Android brand values vs reality
I love android phones. Their integration with Google is simply fantastic. They do a much better work in integrating with Gmail than my iPhone does and the Gtalk app is just incredible, it lets me chat on the go seamlessly (and there is nothing like this experience on iPhones… ). The OS itself is OK, it’s young and rapidly evolving into something more consumer-friendly, it’s far from being as polished as iOS. The apps portfolio available through the android market is getting better everyday now even featuring the iOS blockbusters and Epic’s UTEngine games.
SO basically if I were to sum up the unique selling points of android it’s Gmail/Google Integration and the Android market … only those are not Android features, they are Google phones features. The core OS being OpenSource, any device manufacturer can take the OS and port it to their device, but they won’t get any of the Google applications (no market access, no gmail….).
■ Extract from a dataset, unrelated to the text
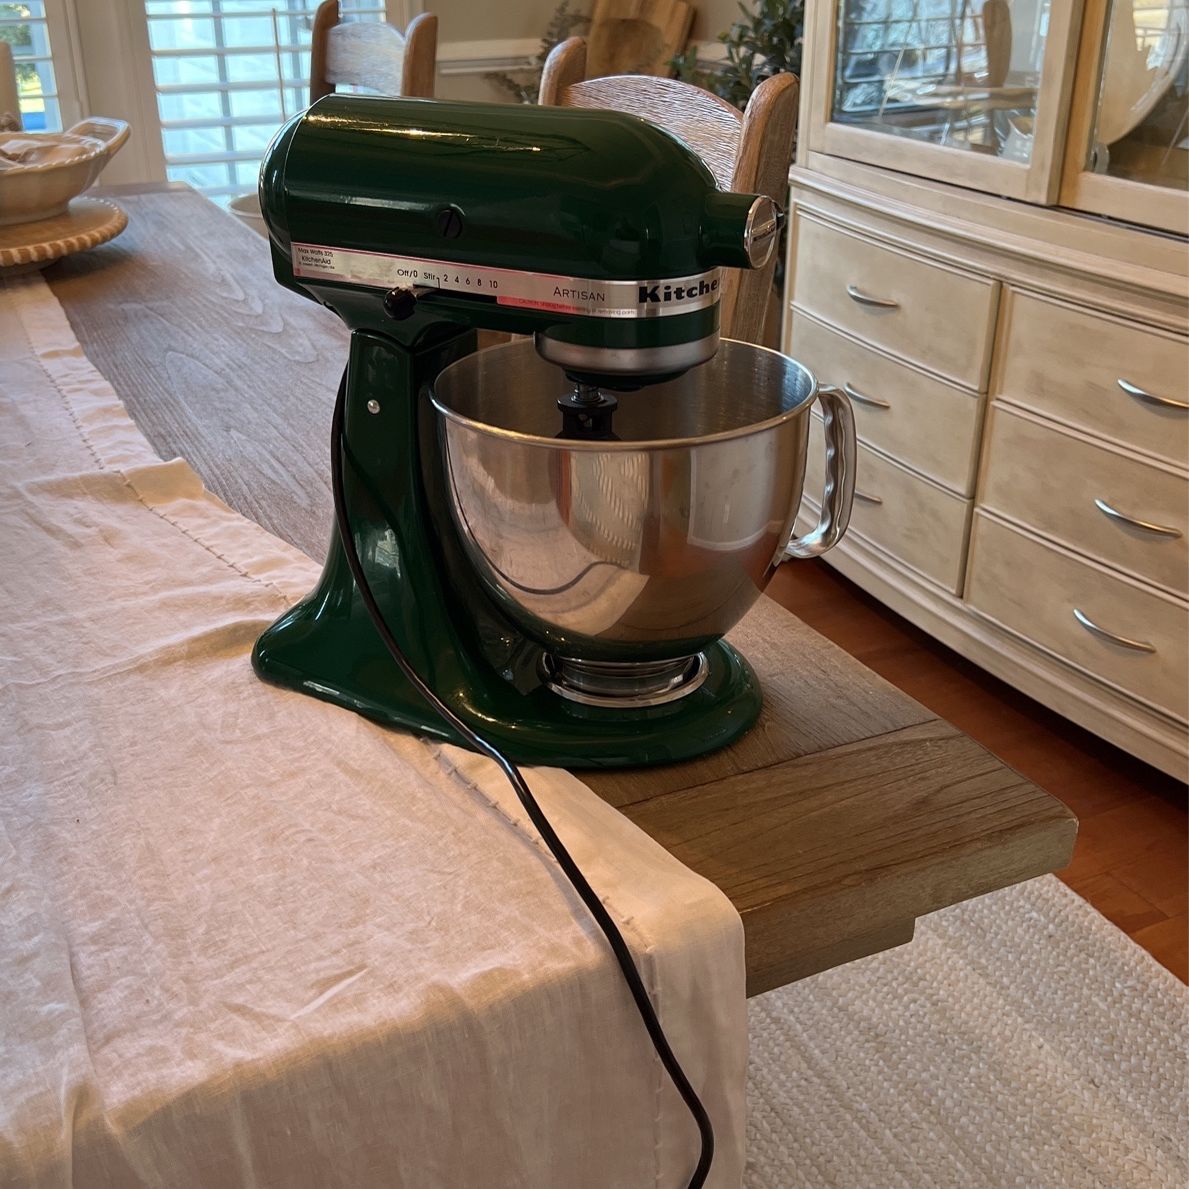 Kitchen Aid artisan green mixer Max Watts 325 for Sale in Virginia

Yet they can write on their datasheet and on billboards and shout to the world “my device runs Android”.
With even more fragmentation coming to the device market with the new tablets announced at CES today (for instance Lenovo’s LePad) the fact that the Android brand, which is one of the key brand values end-users will be relying on, does not actually mean anything and does not reflect the end-users expectations is pretty scary.
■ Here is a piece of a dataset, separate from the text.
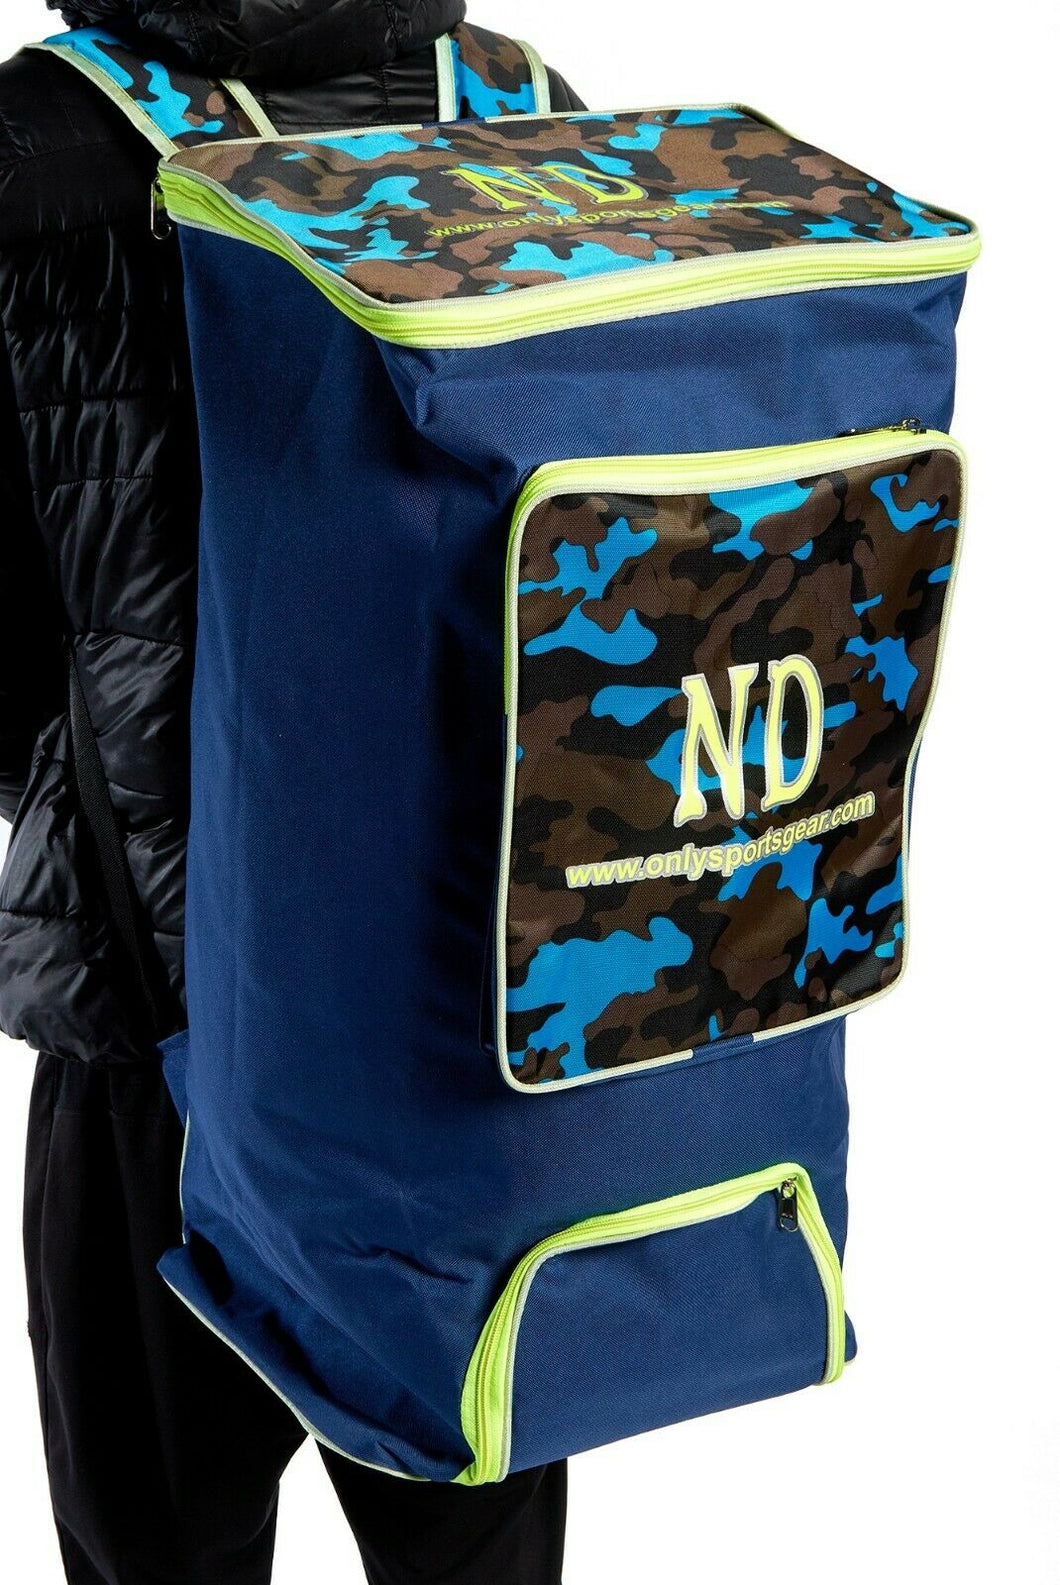 ND Plus Camouflage Powerbow Large Duffle Kit Cricket Bag 70 x 30 x 35 cm

The fact that there are so many flavors on Android not featured by google even created market opportunities for Amazon or getjar to provide third-party apps marketplace, which sounds a bit like an oddity when you look at how integrated the iOS experience is. I remember last summer at GDC how developers were complaining that 70% of the users of android could not buy their product (non-availability of billing in their countries, non-google-approved devices…) and that was a huge issue that is actually stopping developers to target Android. Angry Birds even totally gave up the paying model to only put a free version + ads since it seems to be the only realistic way today.
I think it’s important to create brands to differentiate the core OS (which nobody really cares abouts, it’s no better/worse than Bada, WebOS or any other) to the set of tools that create the value of the platform and basically let you know that the device will have access to all the cool resources of the Android world.